Whiteness and Migration. Racial Privileges in Argentinian Mobility to Spain

Thursday, 10 July 2025: 12:00
Location: ASJE019 (Annex of the Faculty of Legal, Economic, and Social Sciences)
Oral Presentation
María Eugenia AMBORT, Universidad Nacional de La Plata - CONICET, Argentina
In this paper we present an incipient research project aimed to investigate the migratory trajectories of Argentinians in Spain, in order to understand how ‘whiteness’ operates in terms of privileges in the migratory context. These privileges can be based on certain racial markers –one of which may be the passport– but also other less evident or immaterial ones, associated with the constructions of status, class and gender in relation to whiteness. The starting hypothesis is that Argentineans’ presence in Spain is marked by privilege (in relation to other migrants from Latin America or the global South) showing the persistence of social hierarchisation processes based on the coloniality of power, and supported by different material and symbolic markers. We suggest that those who identify themselves and/or are identified as part of ‘white Argentina’ do not experience situations of racial discrimination in their migratory journeys, or even neither see themselves as migrants, as do other racialised Latin American groups such as black or indigenous people.

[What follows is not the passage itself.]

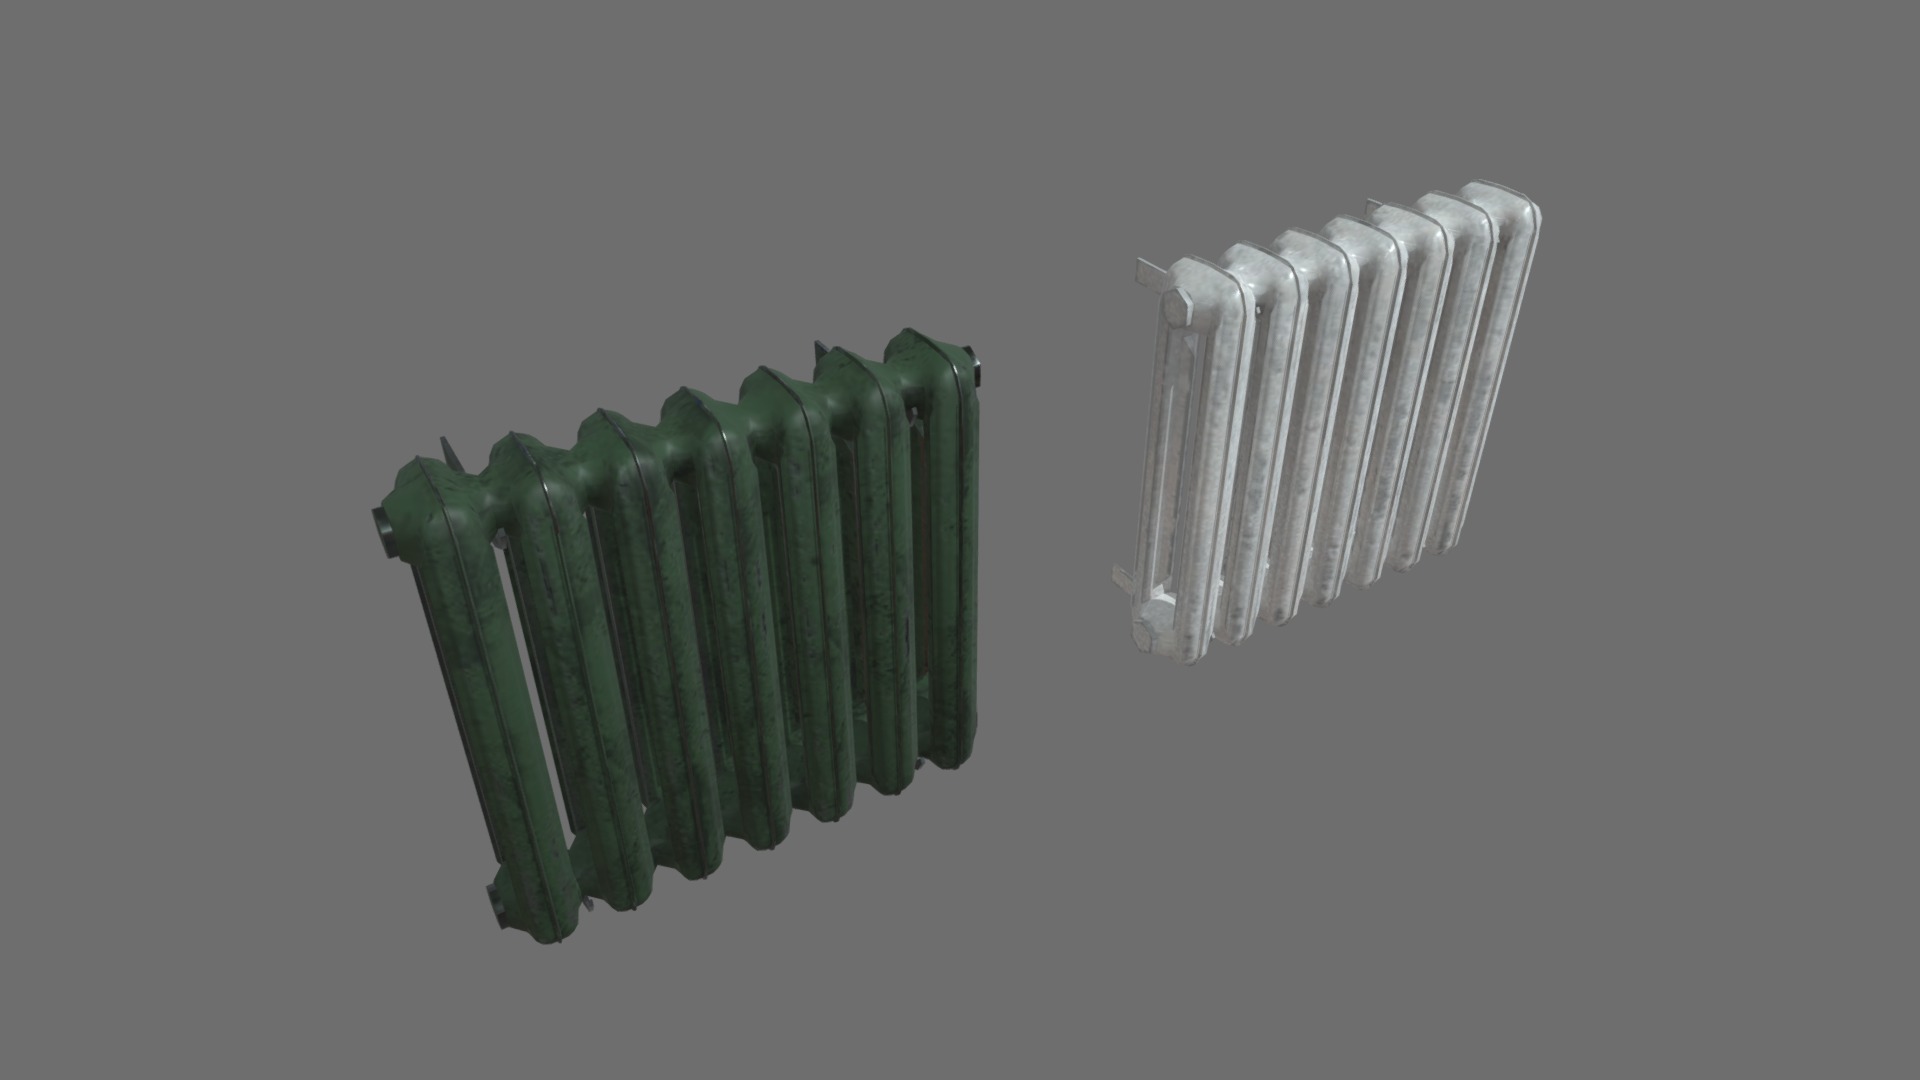 3D model Radiator mc140 - This is a 3D model of the Radiator mc140. The 3D model is about a toothbrush with green toothpaste on it.

The theoretical framework that will guide the enquiry is based in coloniality of power postulates, from a transnational (Anthias, 2012) and intersectional (Hill Collis, 2015) point of view. Methodologically we adopt the biographical approach (Bertaux, 1990) as a perspective to analyse the trajectories of people who move (or have moved) between Argentina and Spain (or other European countries). We will analyse the different labour, social and family positions in origin, during transit or until they settle in a destination. The goal is to understand how racial markers/devices related to whiteness operate in these trajectories, as well as the meanings attributed by individuals to migration and the changes it brings. We also seek to understand how class/social origin, gender and generational differences operate in their ways of experiencing ‘otherness’ signed by the mobilities to Europe.